What does it really mean to entrust decisions about this country's students, teachers, and schools to the massive standardized testing industry? In my opinion, it means trusting an industry that is unashamedly in the business of making money instead of listening to the many people who went into education for the more altruistic desire to do good. It means giving credence to the thoughts of the mobs of temporary employees who only dabble in assessment while ignoring the opinions of the men and women who dedicate themselves daily to the world of teaching and learning. It means saying you're not interested in what Mrs. White or Mr. Reyes who stands in front of a classroom of children every day might think about their students' progress, but you're absolutely enthralled to hear the thoughts on that same subject of a dopey Hank, a non-English-speaking Michi, a senile Alice, or an uninterested Todd. It means ignoring the conclusions about student abilities of this country's teacher--the people who instruct and nurture this country's children every single day--to instead heed the snap judgments of bored temps giving fleeting glances to student work.
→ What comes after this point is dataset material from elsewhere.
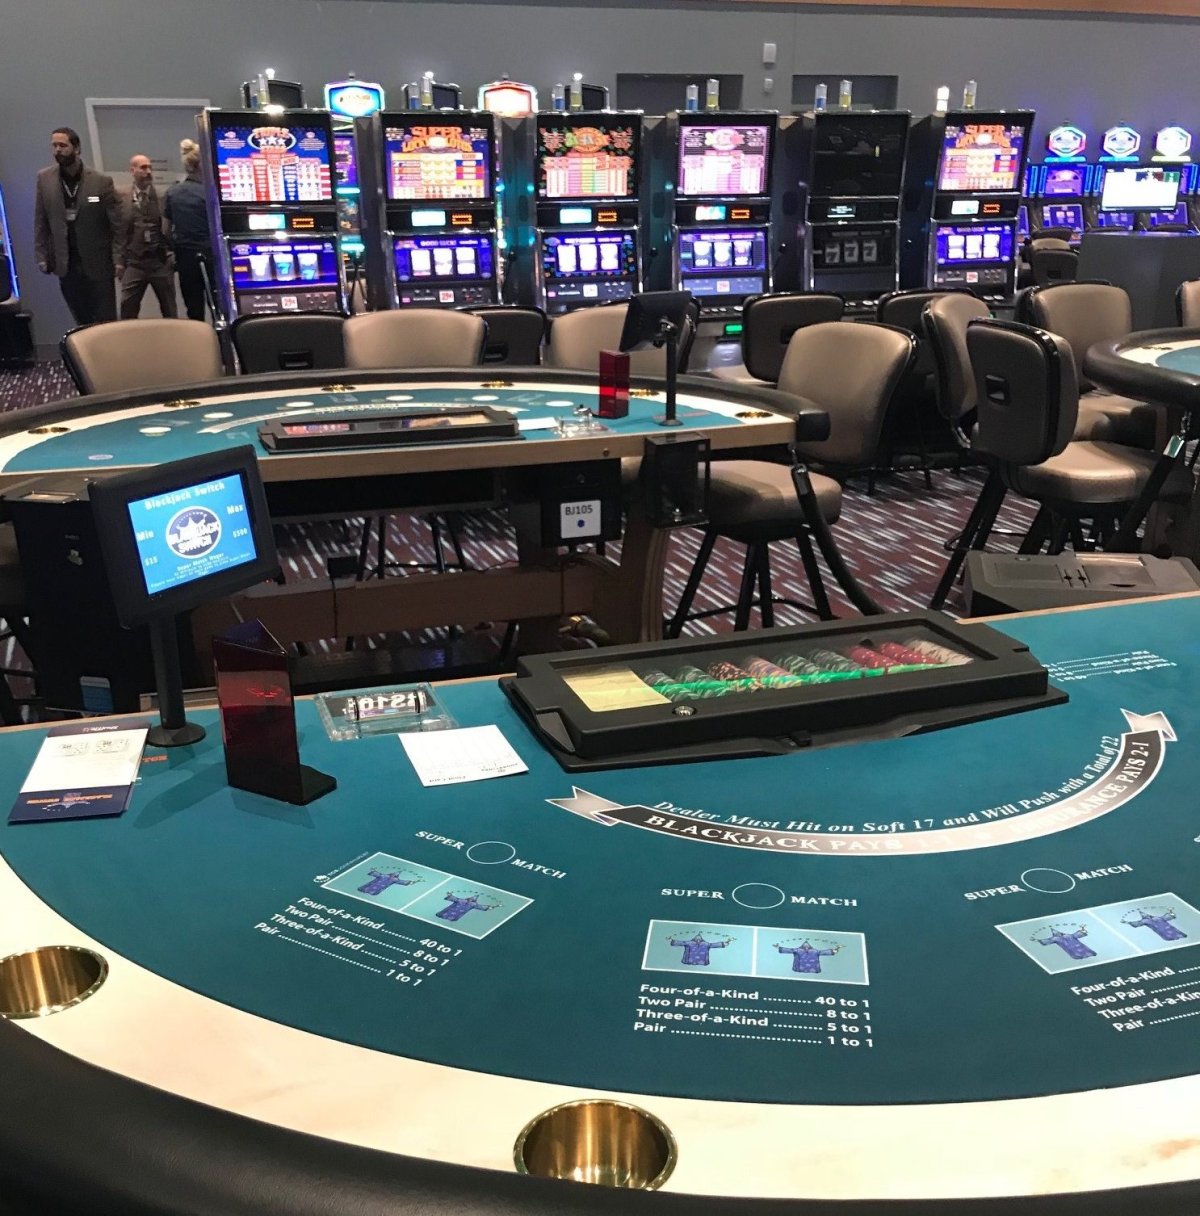 Shorelines Casino Peterborough has generated more than $7M in non-tax gaming revenue for the city since it opened in October 2018, the OLG says.
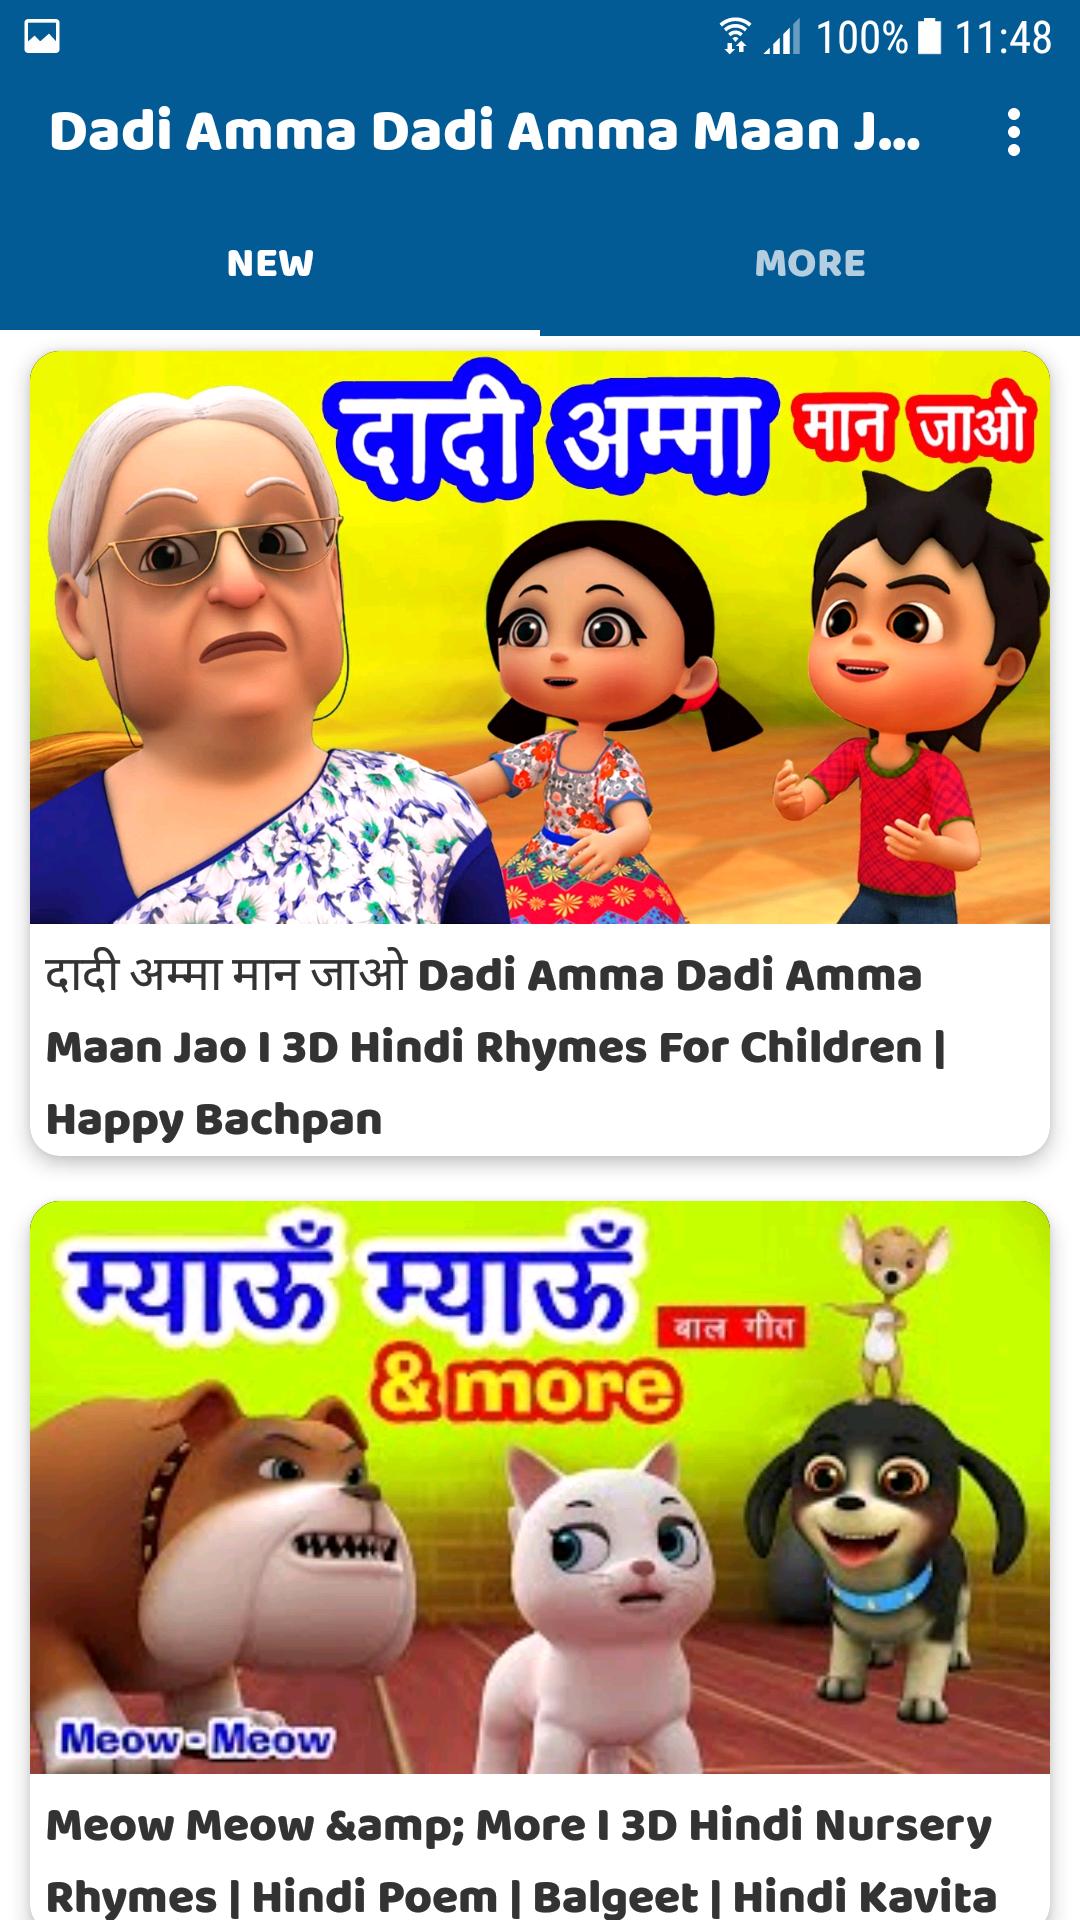 Dadi Amma Dadi Amma Maan Jao poem - Video for Kids APK pour Android  Télécharger

As a final footnote, I can attest that, as a teacher who has attended quite a few in-service workshops dealing with (essentially) how to help students succeed on standardized testing, not only do I agree with Farley's distaste for the so-called "standardized" subjectivity of the scoring of writing and essay question responses, but I do not even share his view that multiple-choice questions are more cut-and-dry, and have only one obviously right answer. While this is certainly true a great deal of the time, even many multiple choice questions--especially when it comes to reading passages and questions dealing with ideas in the readings--are ambiguous, vaguely worded, and their answer choices often contain more than one answer that could be justified as correct. At one FCAT Reading workshop I attended, we--a room full of about thirty English and reading teachers--debated at least fifteen minutes over the correct response to one multiple choice question. I pointed out the ludicrousness of the situation: that a room full of English teachers could not agree on the right answer to this multiple-choice question, yet it could be this very question that would determine whether or not a student would graduate from high school. These questions were targeted at tenth grade students, and college graduate English teachers could not agree on the answer. How on earth could we expect a tenth grader to get the answer right--and have so much depend on that?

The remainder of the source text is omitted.